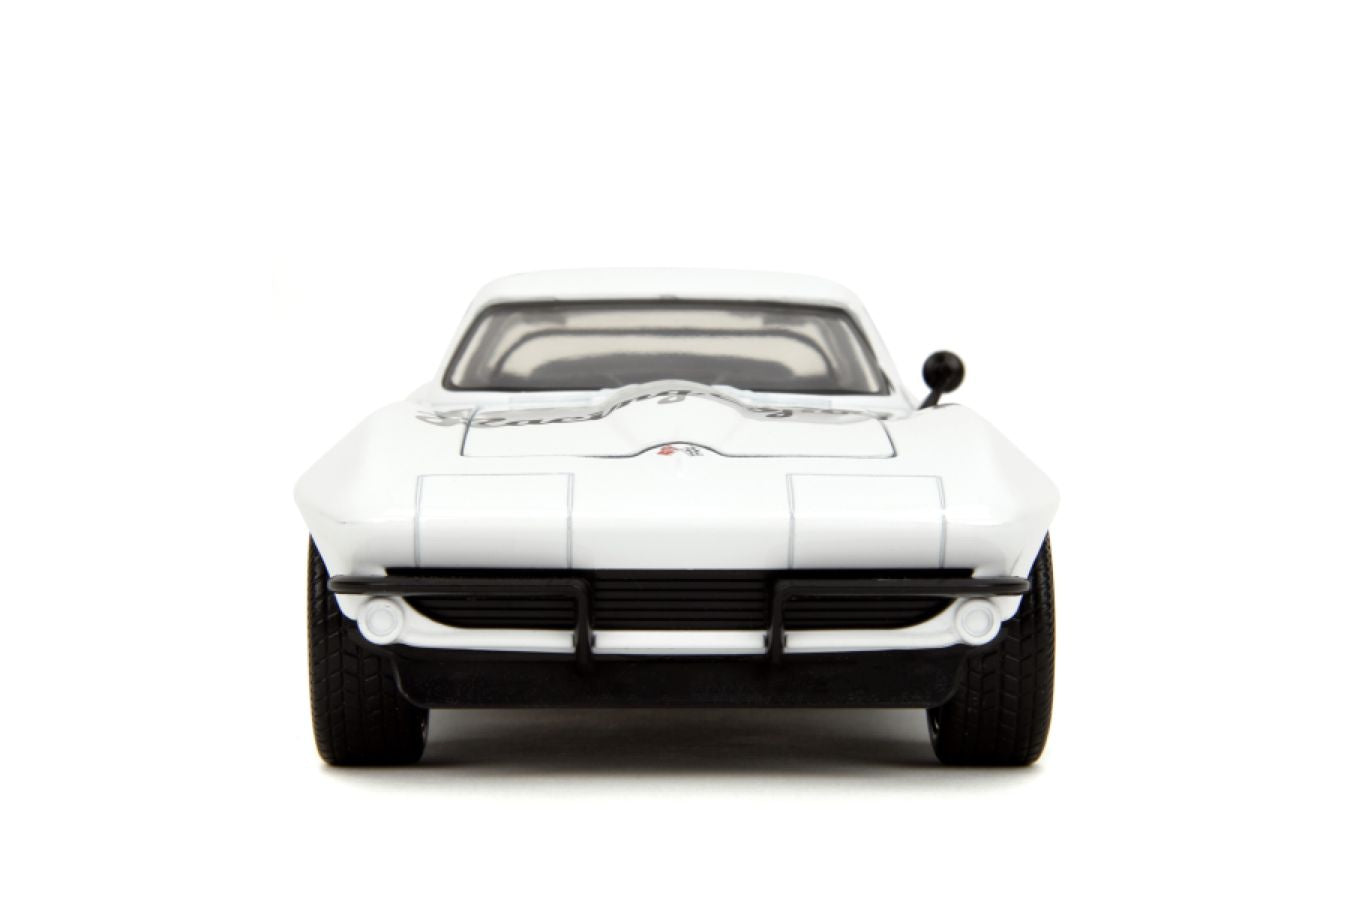 Big Time Muscle: Dark Horse - 1966 Chevorlet Corvette 1:24 Scale Die-cast Vehicle
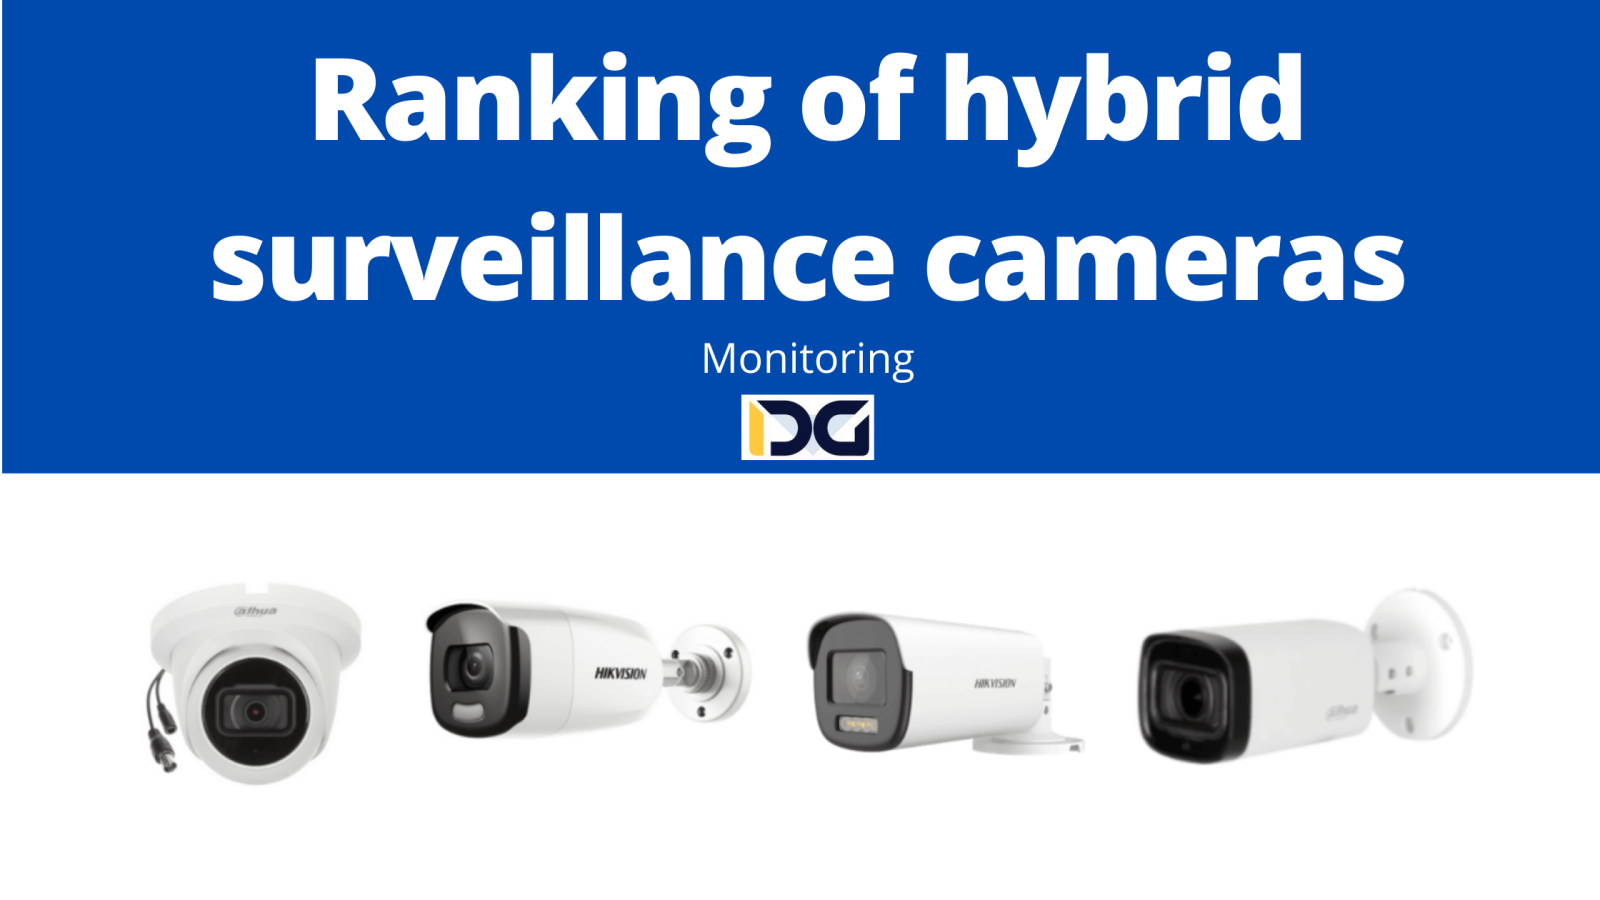 Ranking of hybrid surveillance cameras: Top 6
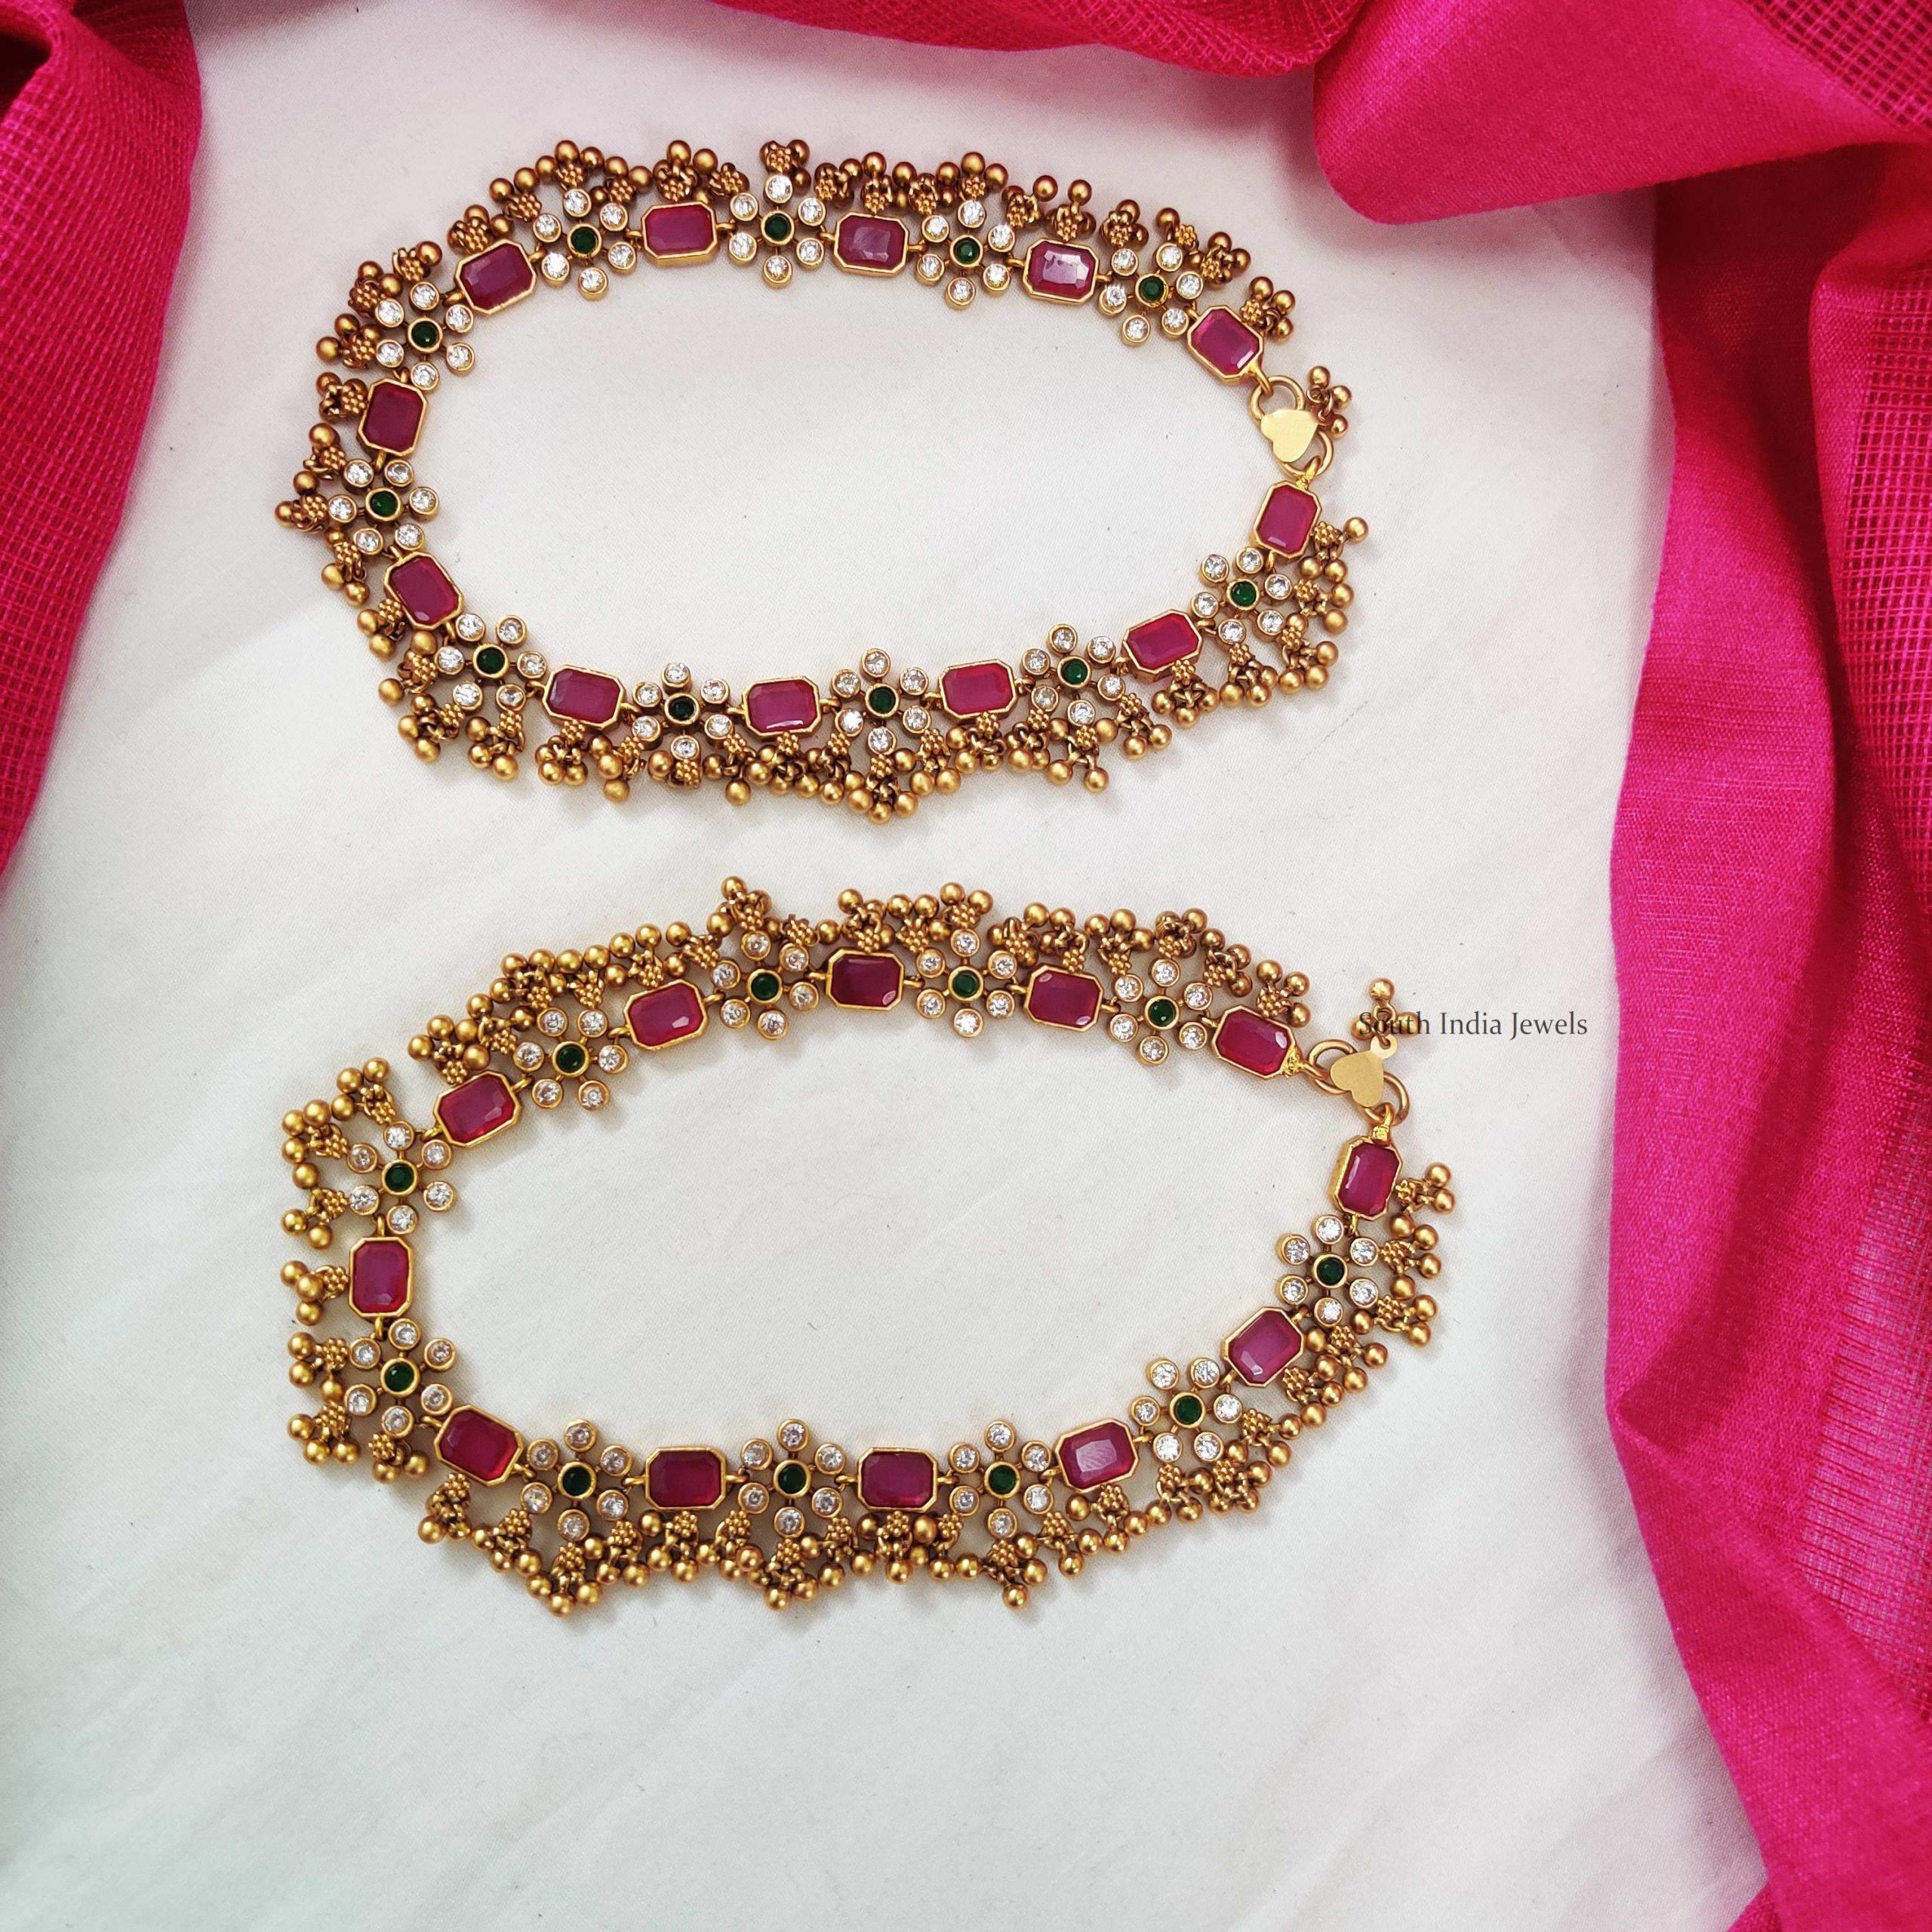 Bridal Flower Design Anklets | Unique Anklets - South India Jewels

· · ·

EXERCISE AIM: Only the pictures are dropped when you print the material; everything else is copied exactly.

OUTPUT FOR THIS TASK:
 Big Time Muscle: Dark Horse - 1966 Chevorlet Corvette 1:24 Scale Die-cast Vehicle
 Ranking of hybrid surveillance cameras: Top 6
 Bridal Flower Design Anklets | Unique Anklets - South India Jewels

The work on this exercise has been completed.